Le Carnaval Off – Se réapproprier la fête !

Marc Boutin, Droit de parole, Québec

 

D’hier à aujourd’hui

Né à Québec, j’ai vécu le Carnaval bien avant que l’industrie touristique ait fait main basse sur la fête.  C’est par les activités du Carnaval que je découvrais, adolescent, les différents quartiers de la ville. Place d’Youville a longtemps été au coeur des festivités, mais je me rappelle un palais de glace à la Place d’Armes, un concours de sculptures rue Calixa-Lavallée, une parade de nuit rue Saint-Joseph et une descente aux flambeaux au Lac-Beauport.  Les activités du mardi gras avaient une saveur particulière, les touristes avaient quitté la ville.

L’importance des quartiers

J’ai souvenir surtout d’une fête Place du Marché Finlay (Place de Paris). Le prétexte: un concours de souque à la corde entre tavernes. La «Donat Lapointe», une des tavernes de la place, avait lancé un défi à une taverne de Saint-Roch. Chaque taverne autour de la place avait sa propre sculpture de glace. Le public bravait le froid en encourageant l’équipe locale aux fenêtres. Il faisait 20 sous zéro mais « on était chauds ». Le tout se terminait sous les huées (Saint-Roch avait gagné) dans les tavernes des alentours (Lapointe, Carrier, Turgeon, Louis-XIV, etc.) mais aussi, pour ceux qui s’intéressaient aux filles, dans le bar-salon plein à craquer de l’hôtel Brochu. Je suis entré mais la serveuse m’a mis à la porte – trop jeune. J’ai fini au sous-sol du Louis-XIV où l’ami des égarés, le peintre Georges Saint-Pierre, laissait entrer tout le monde.

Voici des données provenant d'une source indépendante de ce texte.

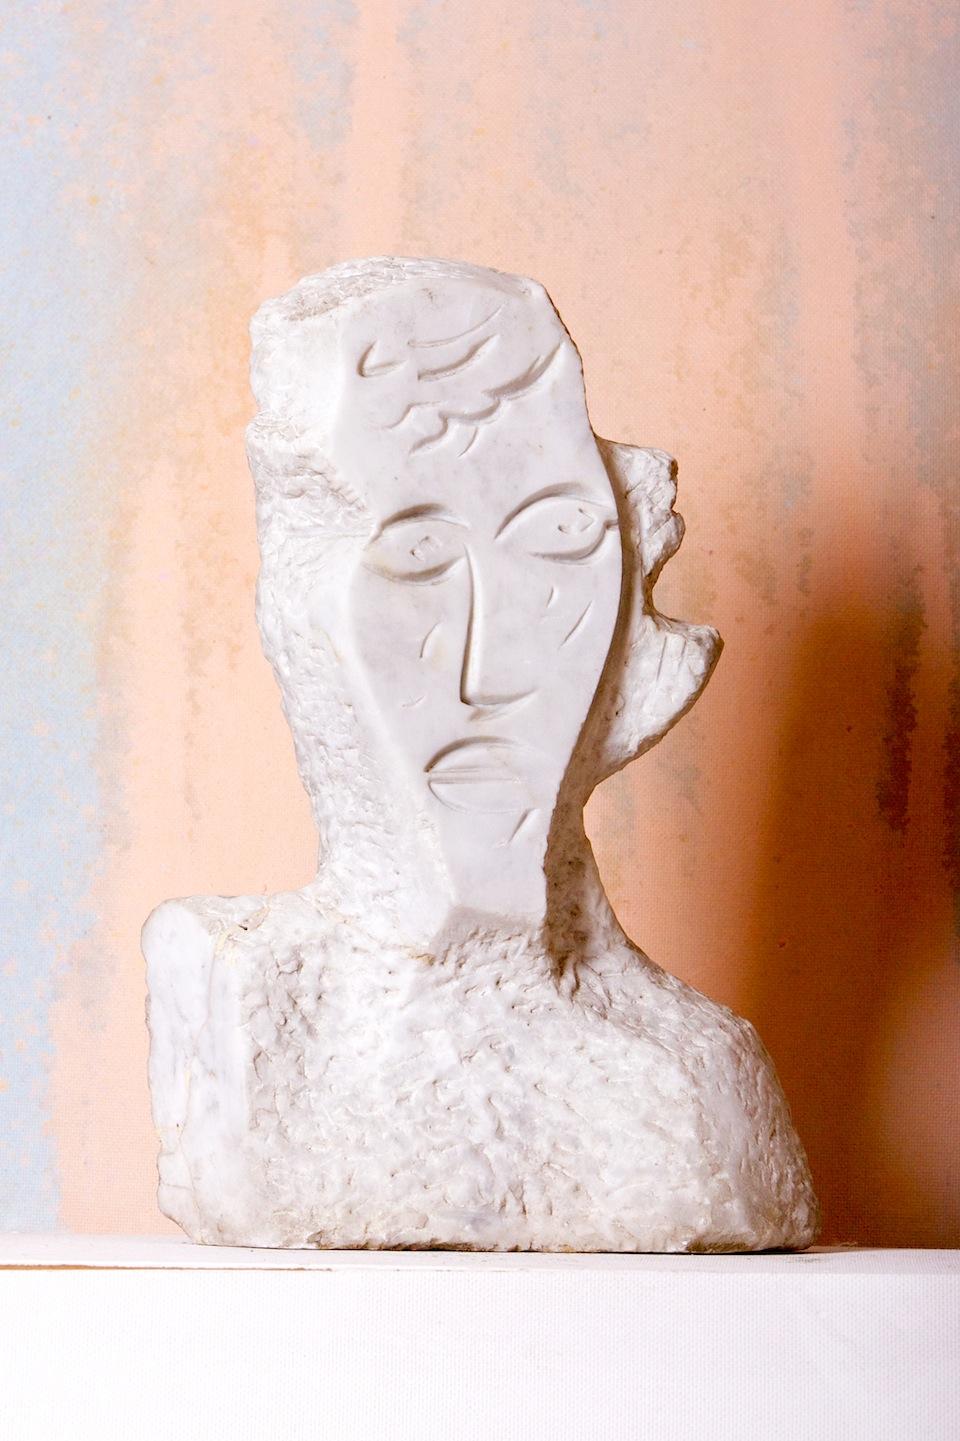 Nijolės portretas

Plus tard c’est sur la rue Sainte-Thérèse dans Saint-Sauveur qu’il fallait aller prendre un verre. Dans un bar qu’on imaginait clandestin, Chez Ti-Père. La rue était en liesse, avec des sculptures et des glissades et des gens «recevant» ici et là, le long du parcours. Une chaleur humaine et un exotisme à faire déborder le vase, à deux pas de chez soi.

 

Un Carnaval industriel

Un jour, je me suis rendu compte que la poésie n’y était plus. Tout devenait répétitif, figé. Un calendrier à date fixe (à la demande de l’industrie hôtelière), le palais toujours à la même place, les activités concentrées autour de l’hôtel Hilton et la magie du Mardi gras disparue. Bien sûr, la course en canot reste, les enfants aimeront toujours les parades et les sculptures sont aussi superbes qu’autrefois. Mais en ce qui me concerne, le coeur n’y est plus : Espace Hydro-Québec, Zone loto-Québec, Village M. Christie/Kraft – ouashe ! Vraiment plus capable !

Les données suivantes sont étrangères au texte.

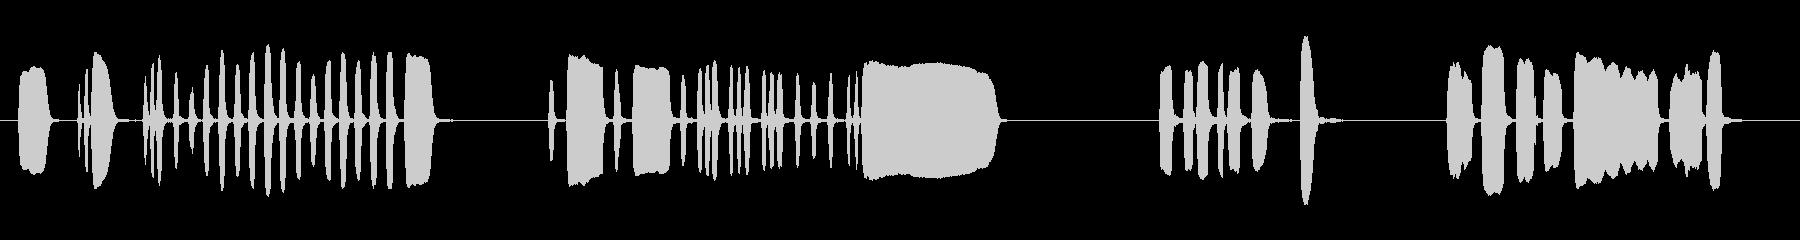 トランペット、吹く、ファンファーレ...の未再生の波形

Quelle explication donner à la débandade ? Le charme ne venait pas tant des évènements eux-mêmes. Quoi de plus quétaine qu’une partie de souque à la corde. C’était plutôt le contexte urbain qui donnait une poésie au carnaval: les quartiers habités qui, dans leur diversité humaine et architecturale, servaient de cadre aux évènements. Québec, tout en restant ma ville natale, devenait pour moi dans les jours précédant le mardi gras, aussi mystérieuse et baroque qu’Helsinki ou Vladivostok, et ses résidants aussi insolites et imprévisibles que les noirs du quartier français de la Nouvelle-Orléans ou les blocos du carnaval de Rio. J’étais en même temps à Québec et à l’autre bout du monde.

 

Le OFF Carnaval

Depuis trois ans, le groupe de la Revengeance des duchesses tente de rapatrier la fête vers les quartiers du centre-ville avec un Carnaval off. Le 21 janvier lors d’une conférence de presse, on annonçait que le OFF prenait cette année de l’expansion et que les duchesses s’associaient, pour offrir un programme de musique au complexe du Cercle, et au groupe Exmuro pour investir les espaces publics (de la rue Saint-Joseph) avec des sculptures de glace et de neige.

Saint-Roch est le quartier hôte du volet culturel, mais les duchesses essaimeront au musée du Québec le 2 (soirée d’impro), le 9 avec une parade pour les enfants sur la rue Cartier et le 10, au parc Ferland, pour célébrer la duchesse de Limoilou. Samedi le 9, elles visiteront certains bars sur les rues commerciales des quartiers qu’elles représentent. Il y a même une duchesse du Village-de-L’Anse – et Droit de Parole lui dit «merde», c’est notre favorite.